Ghana’s public infrastructure carries a familiar pattern: projects that cost 35 to 60 per cent above approved estimates, finish years late and are never formally evaluated afterwards.
Procurement fraud, inflated unit prices and weak supervision drain resources that should reach communities
Existing legislation, the Public Procurement Act, the Audit Service Act, and Article 187 of the Constitution, focused on procedural compliance, not whether public funds delivered genuine value.
The Value for Money Office Bill, 2026, is Parliament’s attempt to close that gap permanently.
Bill
Three provisions will determine whether this Bill transforms infrastructure delivery or becomes another layer of paperwork.
The most consequential is the mandatory Certificate of Clearance under Clause 31.
No public contract above the prescribed threshold may be awarded without one; any contract executed without it is null and void.
This is the most powerful change in Ghana’s procurement history.
Every major project must pass an independent value test before a single cedi is committed.

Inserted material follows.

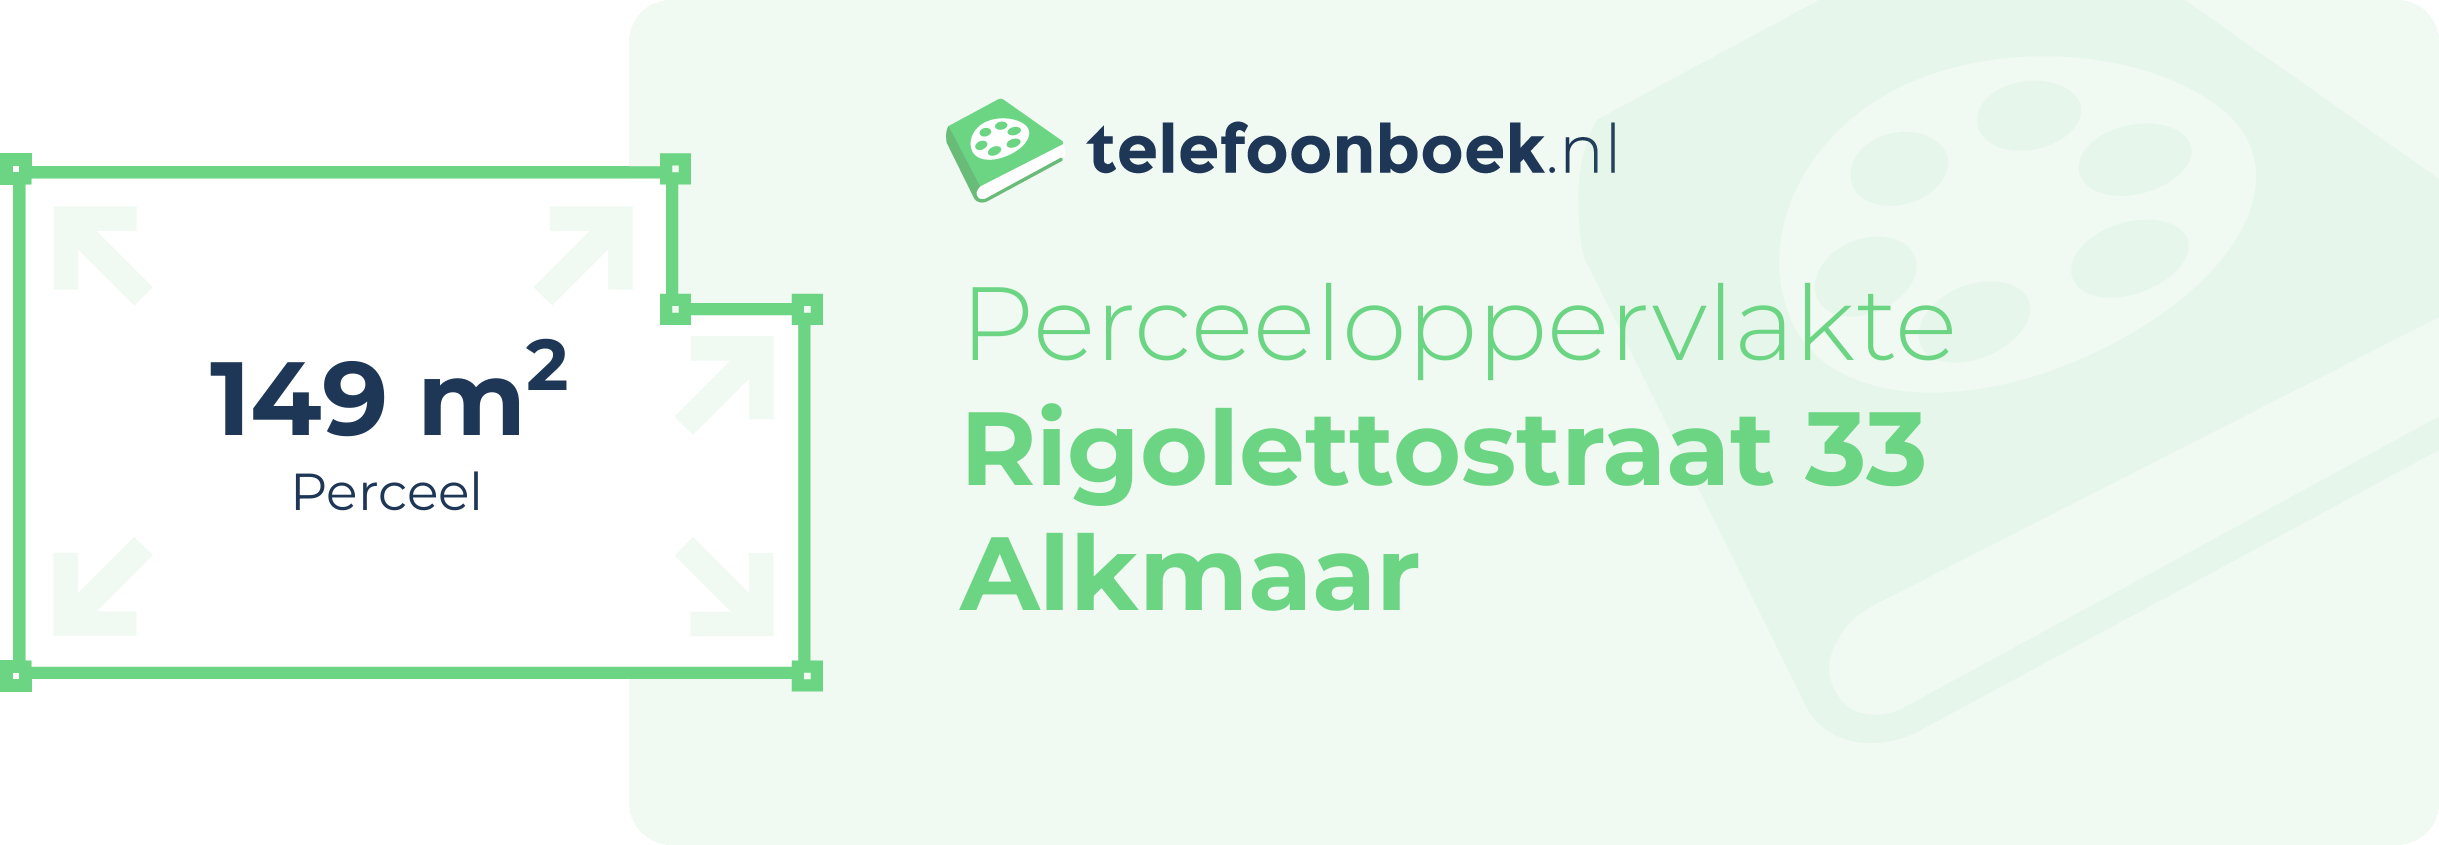 Perceeloppervlakte Rigolettostraat 33 Alkmaar

lause 34 requires a pre-award assessment of cost estimates against prevailing market benchmarks.
This directly targets the optimism bias, the entrenched tendency to underestimate costs to secure project approval, that has historically generated runaway overruns.
Clause 35 mandates post-completion assessments documenting variance between planned and actual costs, timelines and outputs.
For the first time, Ghana will have a systematic institutional record of how public projects actually performed, feeding lessons back into future appraisals.
Ghana has enacted serious procurement reform before.
The Public Procurement Act, 2003, and the Public Financial Management Act, 2016, were both well-designed.
Both were imperfectly implemented because the gap between legislative intent and institutional capacity was never systematically closed.
Three risks threaten this Bill. The pre-award assessment requires professionally competent quantity surveyors and economists in every Ministry, Department, and Agency, a cadre that does not yet exist on a scale.
Clause 42 mandates capacity building, but that obligation must be funded from Day One.
The digital platform must be integrated with GHANEPS, not built in isolation; two disconnected systems would defeat the audit trail that gives the Bill its teeth.
And the Office’s independence will be tested when assessments delay politically sensitive projects. Parliament, civil society, and the media must defend that independence at those moments.
Parliament
Parliament should pass the Bill without significant delay. The minister of finance must prescribe interim monetary thresholds within ninety days to prevent high-value contracts proceeding without assessment.
The VfM Office Secretariat, Director-General, and digital platform must be operational within 18 months. High-spending ministries in Roads, Health, and Education should establish functional VfM Units first. Within three years, GHANEPS and the VfM digital system must be merged into a single lifecycle audit trail.
Conclusion
The Value for Money Office Bill, 2026, is the most serious attempt Ghana has made to institutionalise accountability for public spending. Its provisions are well-designed.
What determines whether they succeed is not what is written but what is built afterwards: funded institutions, integrated systems, professional capacity, and political will that holds under pressure.
Where value-for-money disciplines are genuinely embedded as mandatory preconditions, procurement outcomes improve, and waste falls.
The Bill provides the legal foundation. What Parliament, the Ministry of Finance, and Ghanaian citizens do next will determine whether that foundation becomes a building or a document.
The views expressed are those of the author in his academic capacity and do not represent the official position of the Ministry of Roads and Highways, Ghana, or any other institution.